Avatar is also a movie that wraps up its environmentalism with progressive conceptions of anti-colonialism, anti-capitalism and pacifism.  Perhaps the most evil G.I. Joe-type character ever leads the charge, and the gold of Pocahontas is exchanged for an even more precious mineral: the ludicrously dubbed unobtanium.  Unobtanium will prove very difficult to obtain indeed.  Unobtanium is desperately needed for some ill-defined military objective.  Despite the fact that the rain forest (as well as the unobtanium it just happens to be resting on) holds the key to bioengineered artificial intelligence, unobtanium is the only economic interest of the evil corporation's visionary leader.  There is nothing more blind to competitive edge than a competitive corporation, apparently. 

For some unknown reason, people with the motive, the desperation, and the authority to forcibly take the unobtanium have invested what must be billions in a bioengineering marvel simply to understand the Na'vi well enough to woo out of their habitat.  This sort of trepidation would only happen if this operation were that of a government beholden democratically to citizens with compunctions.  Which is apparently not the case in this movie.  Which is why the Na'vi never fear that the attack is merely the first wave of  intruders.  It's all the corporation's fault.  Because corporations are so much more evil and soulless than governments.  *snicker*  But the two-dimensional stand-in for "the military-industrial complex" is what it is. 

Okay, does it seem like more than a mere coincidence that Jern Sully--I mean, Jake Sully--communicates with a tree that is the source of the tribe's wisdom, as John Smith does in Pocahontas?!  Avatar is certainly a more sci-fi realization of the story concept, furnishing the fundamental animism of Pocahontas and Fern Gully with a sense of scientific plausibility--and ironically making Pandora a fundamentally different situation than any on Earth.  But maybe the point of the movie is less about protecting environments that it is about promoting a sort of progressive dichotomy, with anticapitalist treehugging on one side and bloodthirsty greed on the other.

If you look again at the picture meme (comparing 5 movies), I think the 'Hero's Hippie Moment' is the most telling.  The entry for Avatar really should be "Chemically bonds with tree," and then the crucial link with Pocahontas and Fern Gully becomes much more obvious.  The sci-fi novel The Word For World Is Forest, for example, is a colonization story but also a we-need-the-lumber story like Fern Gully and The Lorax.  Avatar, by contrast, is more of a tear-up-the-place-for-treasure story, like Pocahontas.
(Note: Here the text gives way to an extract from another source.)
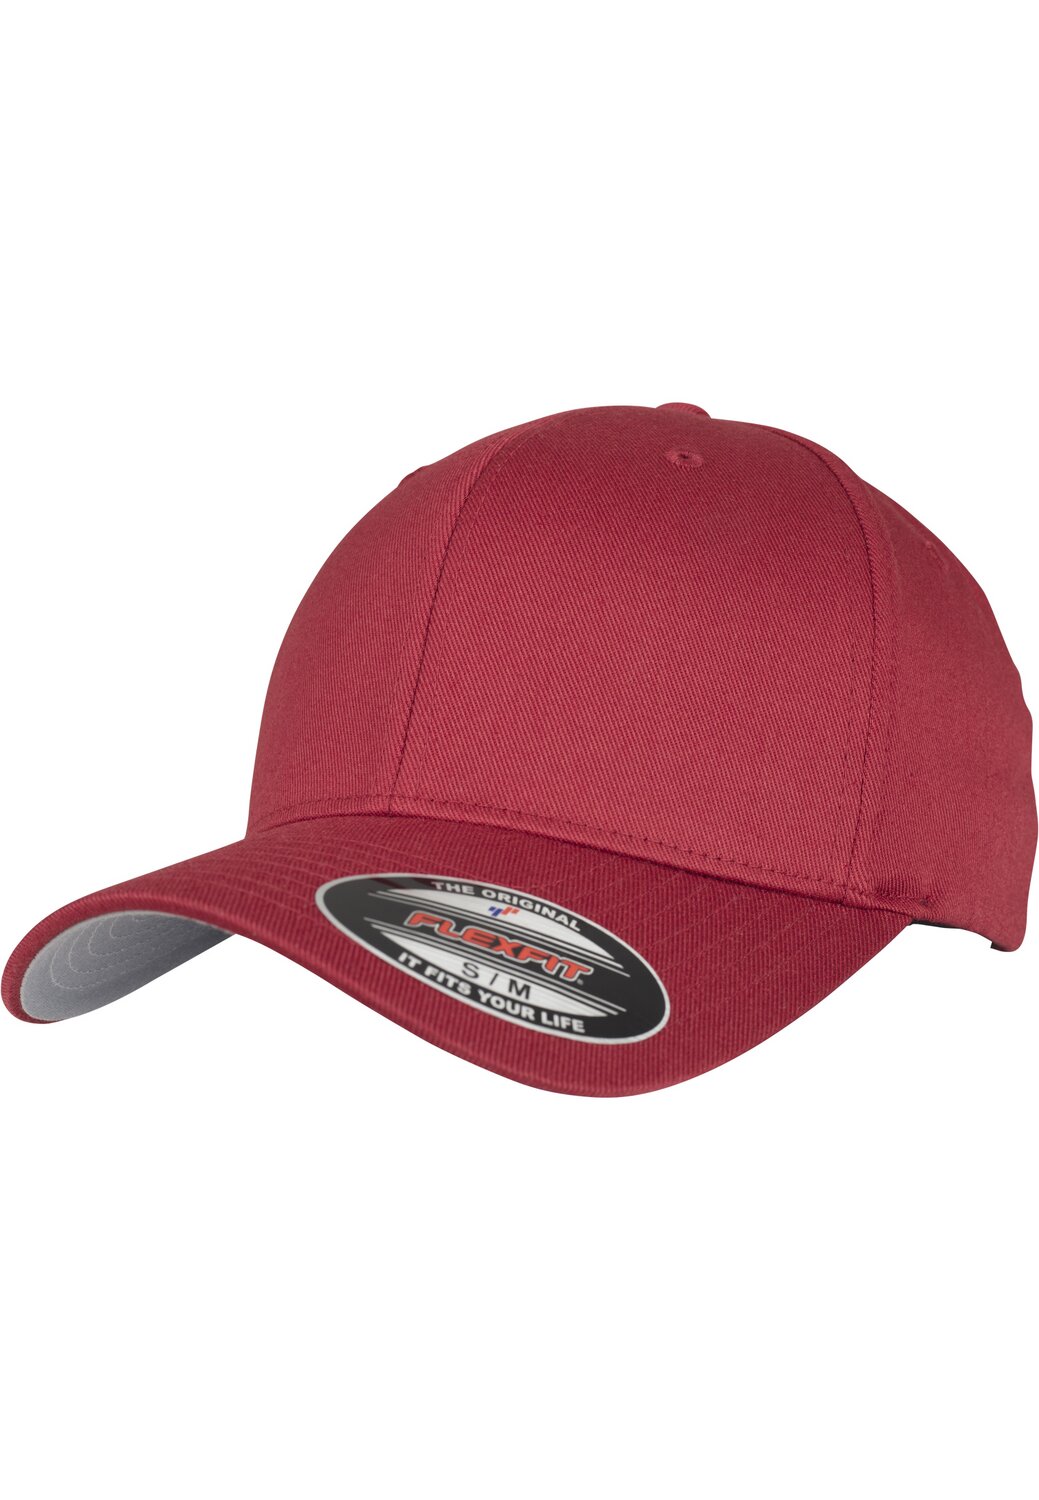 Baseball Cap Wooly Combed rose Flexfit brown MAXISCOOT

The resources of the environment are just in the way of getting the treasure.  And you may notice that they gave (perhaps unconciously) Jern Sully--I mean Jake Sully--the same initials as John Smith.
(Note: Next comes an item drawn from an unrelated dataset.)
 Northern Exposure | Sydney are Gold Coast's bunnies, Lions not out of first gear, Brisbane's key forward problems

And that legend-based scene where Pocahontas throws herself in front of John Smith to keep her tribe from killing him?  That is also in Avatar!  Both movies feature a central strong heroine, who, as a leader of her people, is expected to marry soon.  Neytiri and Pocahontas both have a warrior suitor who is jealous of J.S., tries to kill J.S., and dies at the hands of the evil colonialists before the end of the movie.  Both movies end with a ship transporting some of the intruders back to where they came from.  In the end, J.S. learns to paint with all the colors of the forest, and becomes willing to risk his life to save the tribe.  It is not so much Dances With Wolves on another planet, but Pocahontas on another planet.